**Work task:**
With the pictures omitted, transcribe each line below exactly as it is.

**Input data:**
------------------------------
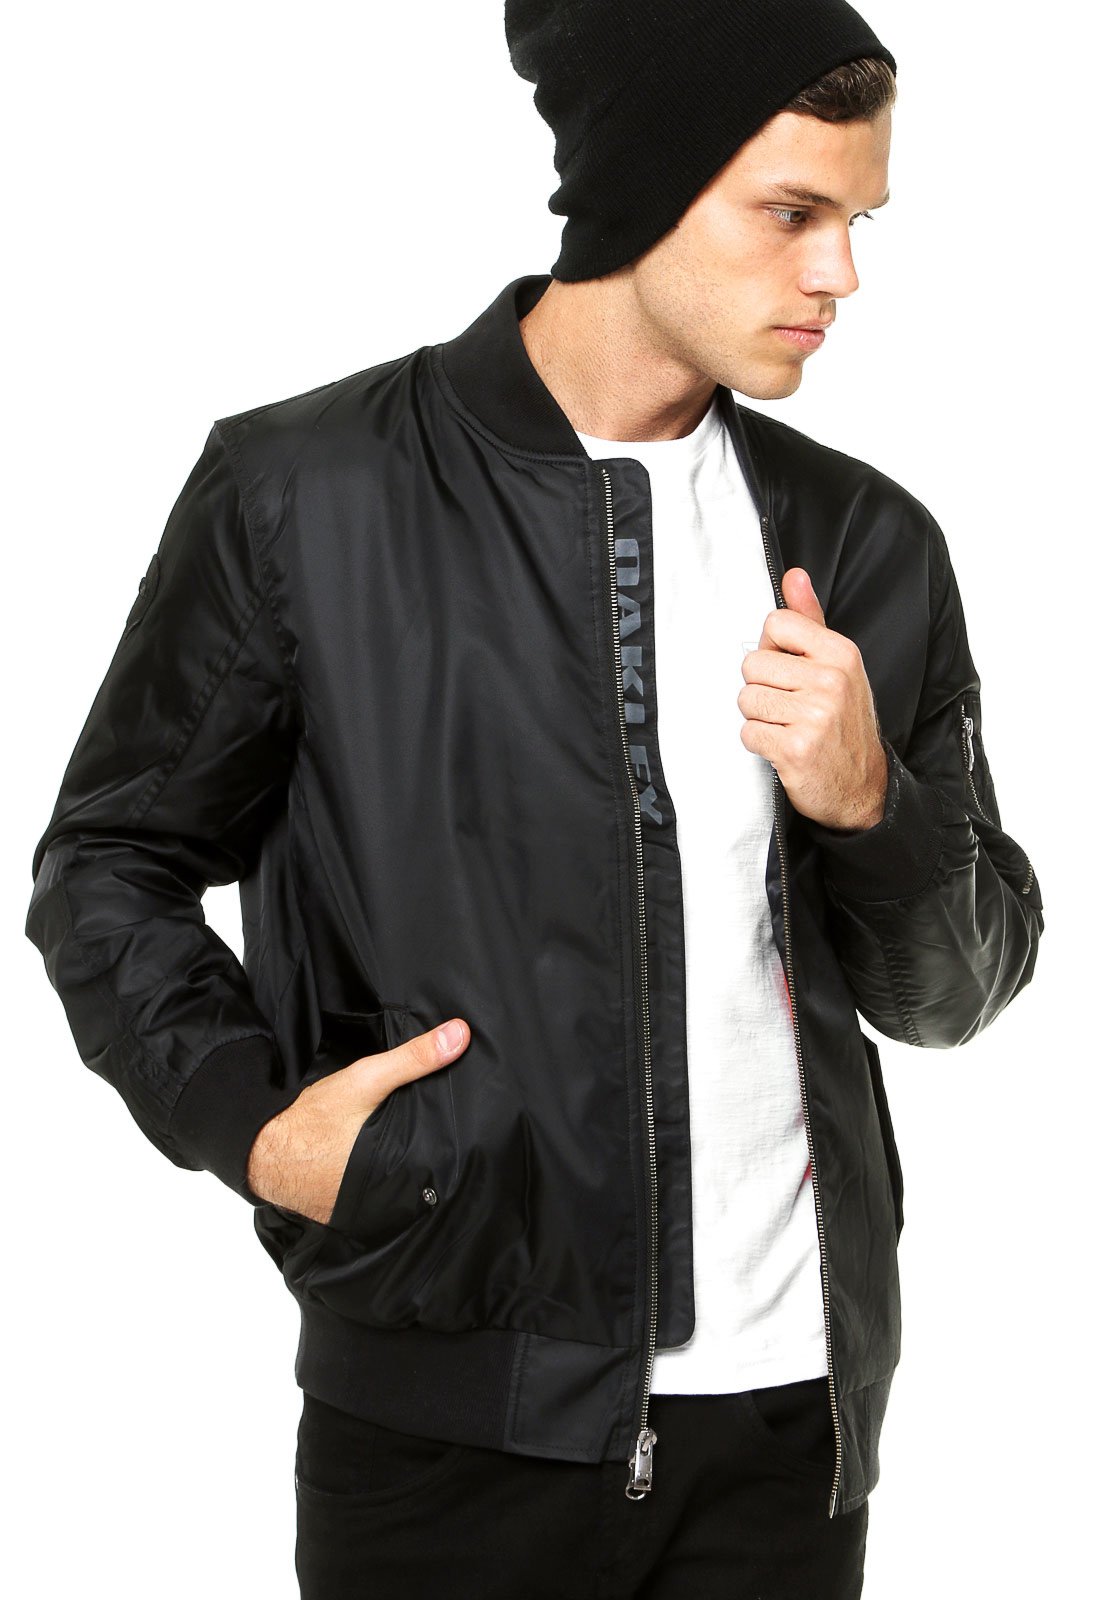 casaco preto masculino com ziper
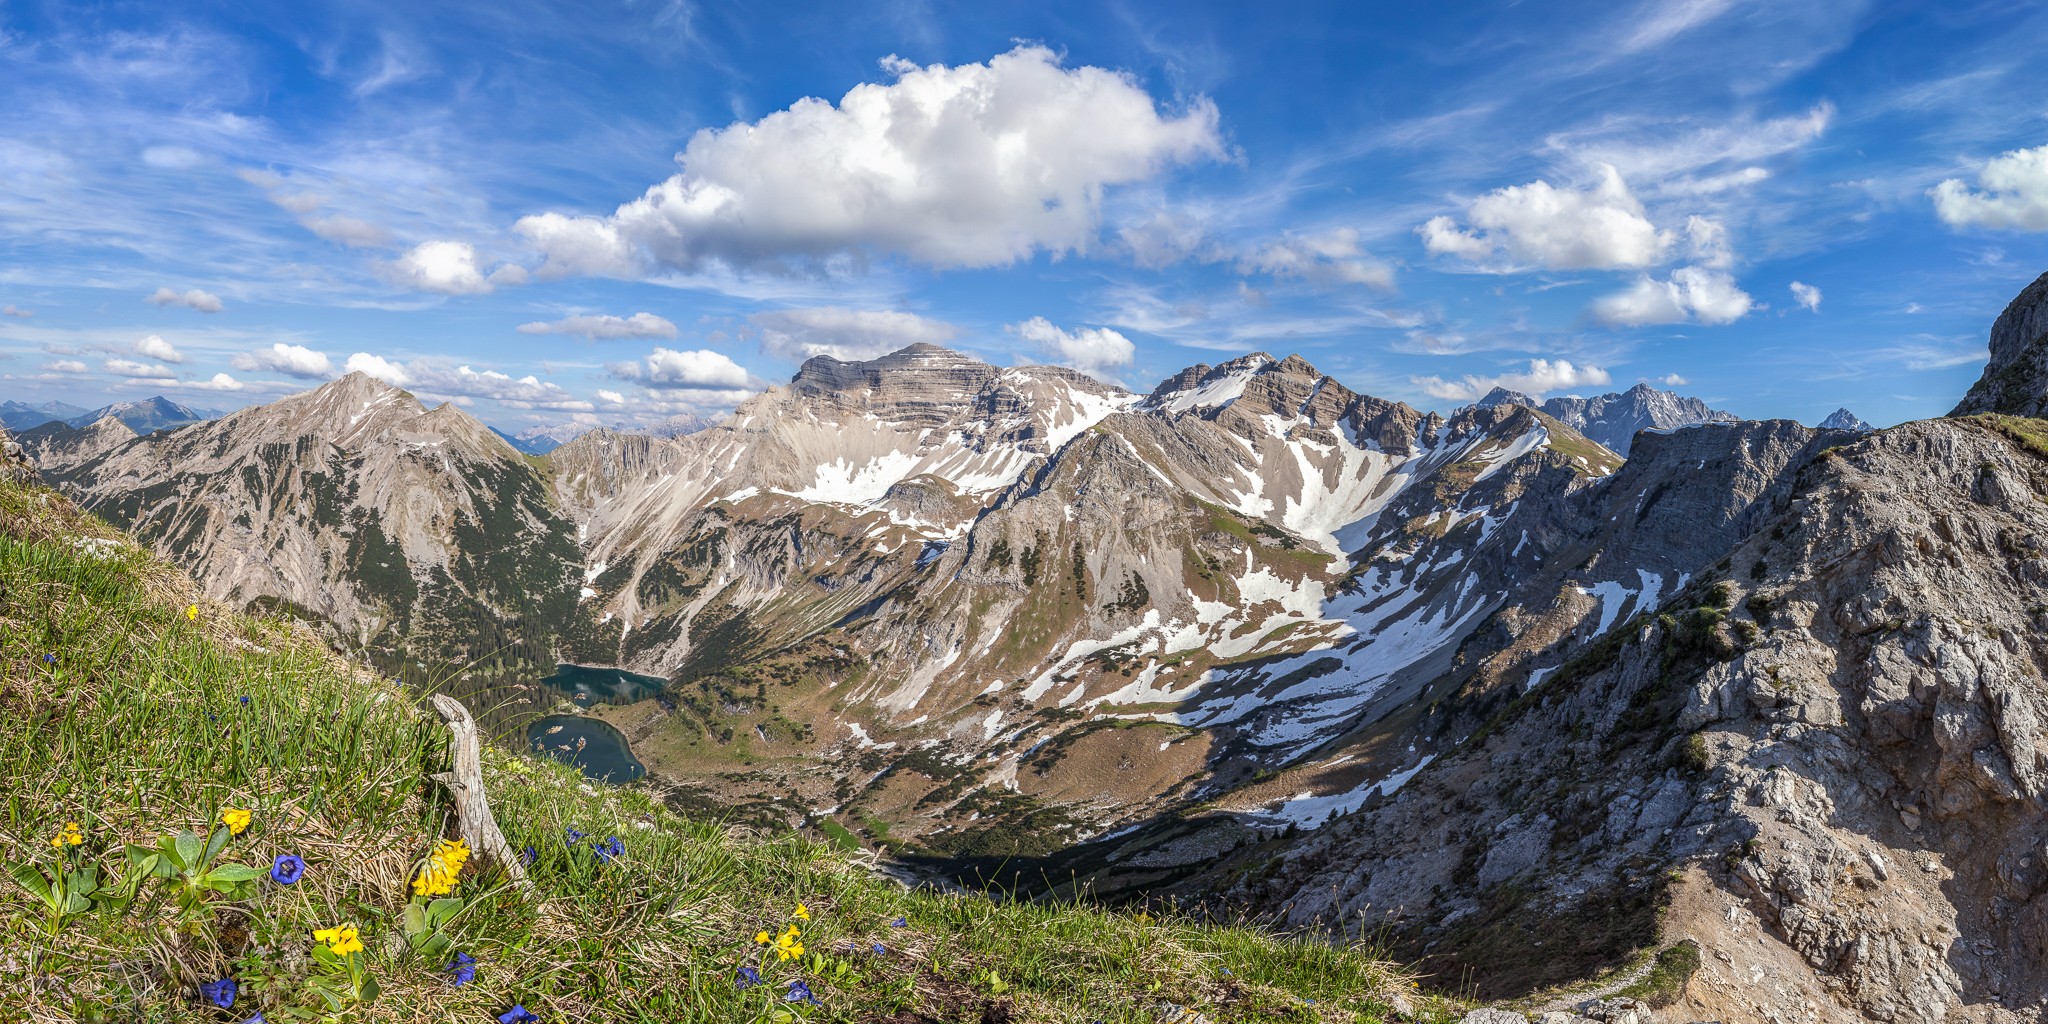 Wanderparadies in der Alpenwelt Karwendel. Auf der Schöttelkarspitze mit Blick auf die Soiernspitze und die Soiernseen. Im Vordergrund Enzian und Bergaurikel. 
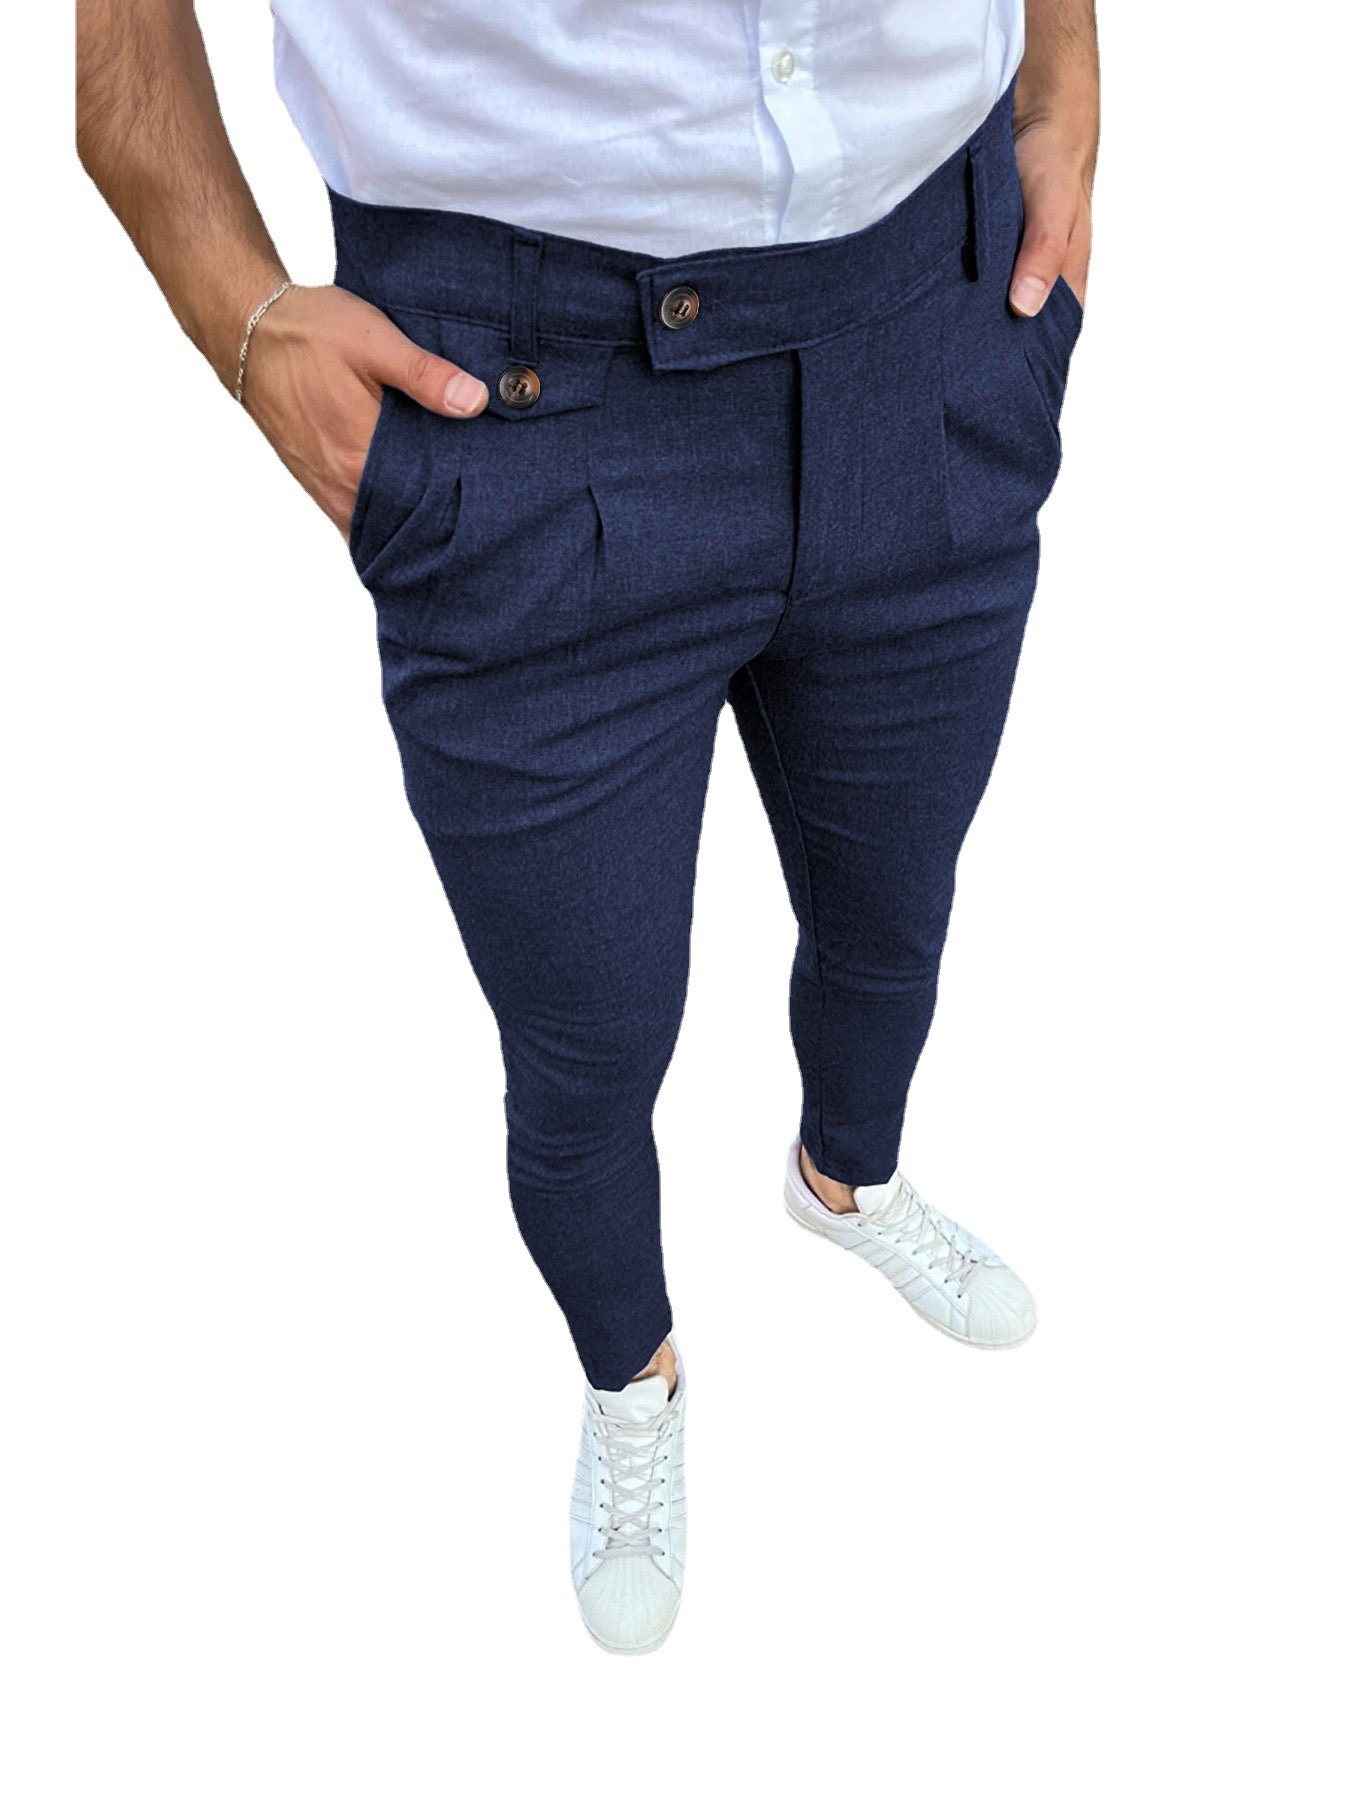 Pantalones chinos ajustados para hombre, parte delantera plana, elásticos,  ajustados, de vestir, cómodos, casuales, lisos
------------------------------
**Answer to this task:**
 casaco preto masculino com ziper
 Wanderparadies in der Alpenwelt Karwendel. Auf der Schöttelkarspitze mit Blick auf die Soiernspitze und die Soiernseen. Im Vordergrund Enzian und Bergaurikel. 
 Pantalones chinos ajustados para hombre, parte delantera plana, elásticos,  ajustados, de vestir, cómodos, casuales, lisos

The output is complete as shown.